Ah, love. Love is a many-splendored thing. It is heart palpitations when your loved one draws near. It is reading the same book over and over and over because your four-year-old can’t go to sleep without it. It is…an estate plan? Discussion about end of life care? Absolutely yes.
The importance of estate planning and discussions is heightened for LGBTQ folks. One of the saddest calls I receive as an attorney is from LGBTQ individuals who have lost their partner or spouse, only to learn that the estate, or their partner’s financial assets, are going to the very family members who rejected the decedent for being LGBTQ. In one case, the estranged family members literally showed up at the door of the house within a week of a woman’s death, demanding to come in to remove furniture from the house shared by a couple who had been together for more than 20 years, and who had been rejected by that same family. Ultimately, they also took the retirement accounts and individual bank accounts because the deceased had failed to name a beneficiary. Under the law, they had that right. A simple will would have changed everything.
Please note that no short article like this can address all of the complexities of individual situations or estate tax advice, so this is not meant to provide legal advice. Rather, I will provide general information and strongly encourage you to take action to provide real support and security for those you love.

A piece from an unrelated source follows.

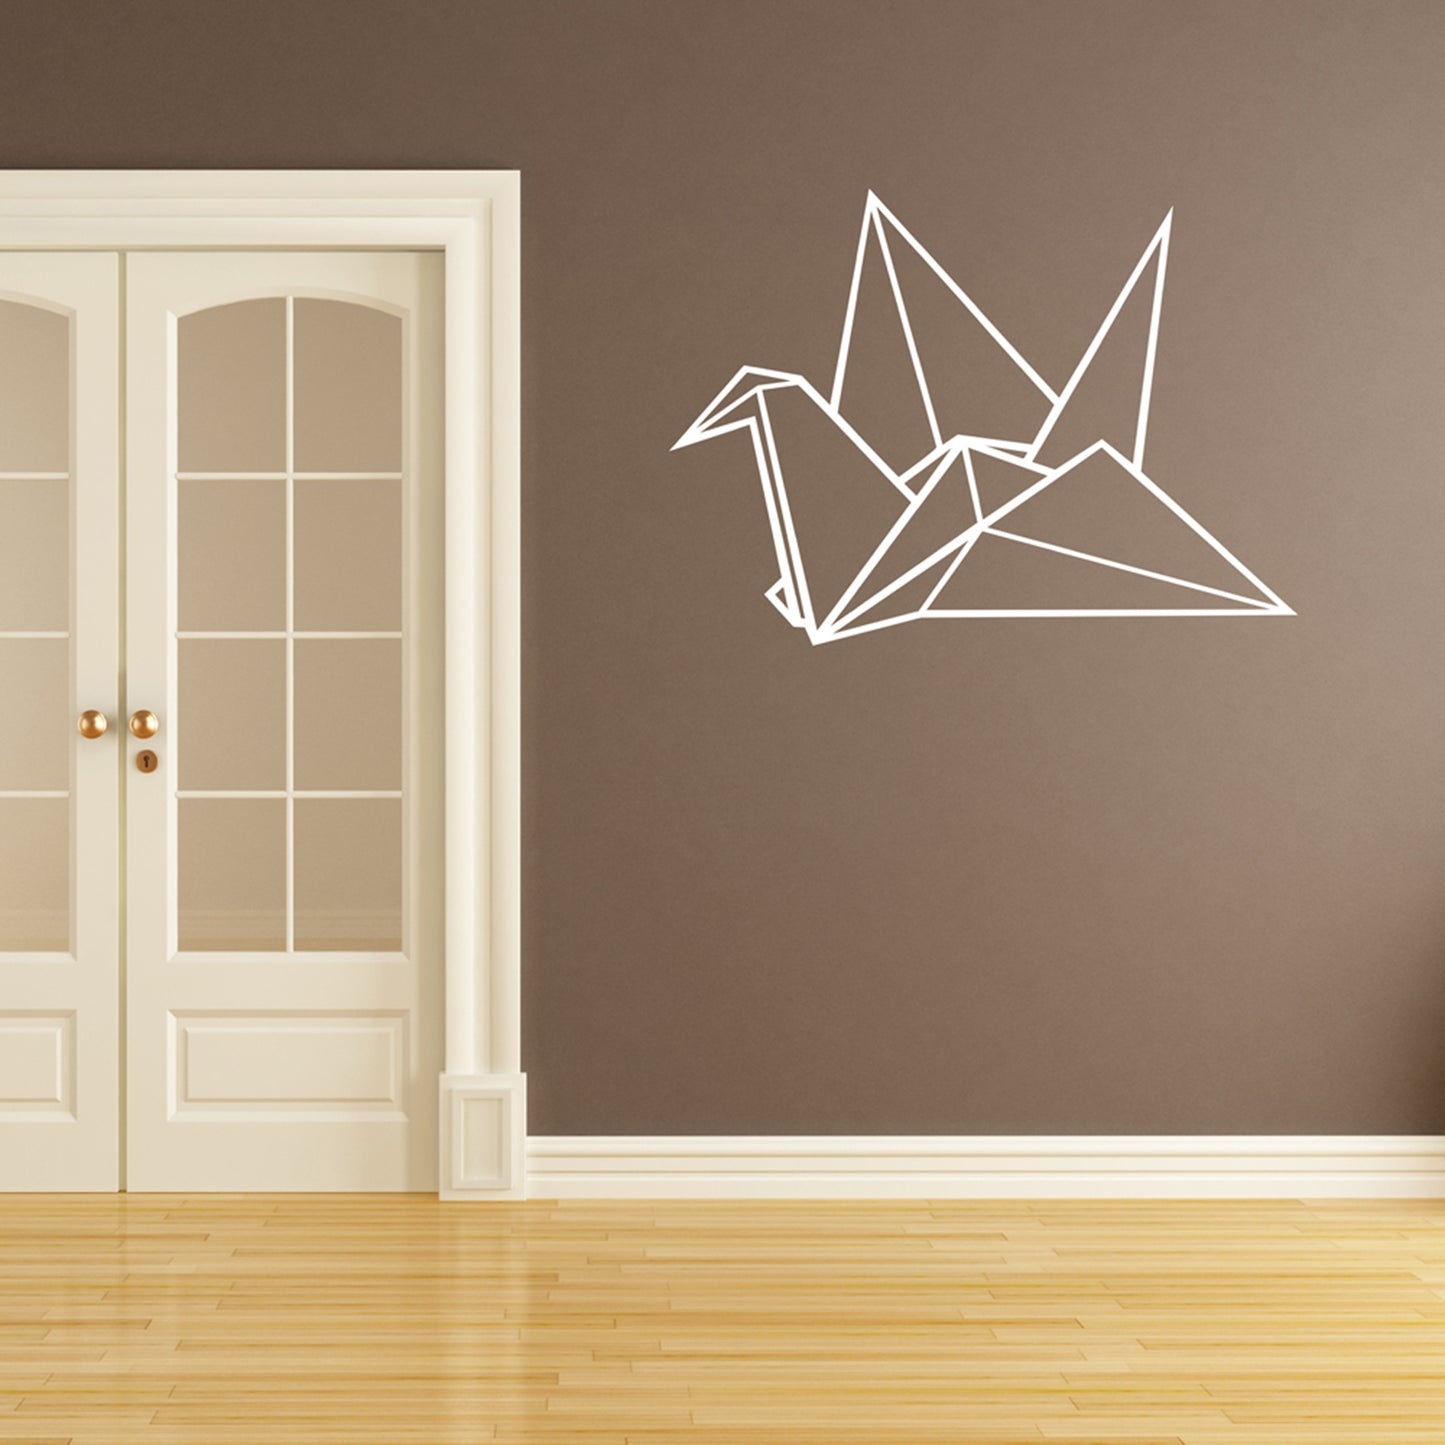 Origami crane | Wall decal

The first step every single one of us should do is to gather information from every retirement plan, pension plan, bank account, life insurance policy, investment account or any other financial vehicle. You need to look to see who you named as the beneficiary of the plan, account, etc. Oftentimes, we name someone when we first establish the account, and then completely forget about it. That means your mom or your first boyfriend or your BFF you haven’t seen for 20 years will get that money even if you have a will naming your spouse! That’s because these kinds of assets do not pass through the probate estate, and instead go directly to whoever is named on those designation lines. Seriously. Go check it now. I’ll wait for you here with further instructions.
Welcome back. Hopefully as an interim step, you have checked all of those accounts and changed them as necessary. You’re not out of the woods yet. Do you own real estate? Have you checked to see how you own it? This information is on the title and is not controlled by who is on the mortgage. Each ownership option (e.g., joint tenants with right of survivorship, or tenants-in-common) comes with a different impact when you die.
Assets that do not have a direct beneficiary designation are controlled by someone’s will or estate plan. If you don’t have a will, your assets will go where the State wants it to go, and not necessarily where you want it to go.
The best way you can protect your loved ones is to establish an estate plan. You say you don’t need one because you don’t have any money? First, maybe you’ll exit the earth via an accident caused by one of the Koch brothers. Suddenly, your estate is huge. Second, good planning with small or large estates includes things such as powers of attorney for health care and signed HIPAA releases so you and your loved ones can make medical decisions for each other, durable powers of attorney for finances so that you can manage financial matters while you are alive, and advanced directives to medical professionals, advising them how you want to handle end of life issues. These documents are very simple, but they are crucial to ease the burden of your loved ones in a time of crisis.
Now for good news: estate planning is not nearly as expensive as you think. If you have addressed your direct beneficiary designations, you have already started the process and it didn’t cost you a dime! A good estate planner will take a look at those beneficiary designations and let you know if there is a better way to designate beneficiaries (e.g., name a trust for your children as the beneficiary) and will create a detailed plan for you. The cost for a simple will can be as little as a couple hundred dollars and the cost for all but the most complex estate plans designed to address complex tax issues rarely exceeds $3,500. Be wary of the “free” estate planning seminars that are designed to sell you a big fat trust document you do not understand and most people do not need.
When you are looking for estate planning professionals, be sure to ask them whether they have special training or experience working with LGBTQ individuals and families. While marriage equality has reduced some of the distinctions between LGBTQ folks and our hetero counterparts, many people choose not to marry for various reasons, but still want to provide for their loved ones. Also, there are issues that are unique to our families, especially involving children.
These topics aren’t easy, but if you love someone (and I bet you do), or someone loves you (yes, they do) you will make this a priority to either establish or update your estate plan to ease the burden of your loved ones. Now go pack a lunch for your honey and include a love note. You’ll thank me for it later.
Michele Perreault is an attorney for DeWitt Ross & Stevens. Recently, she’s presented “Protecting Children of Gay and Lesbian Families: Challenges, Opportunities, and Where We go From Here.”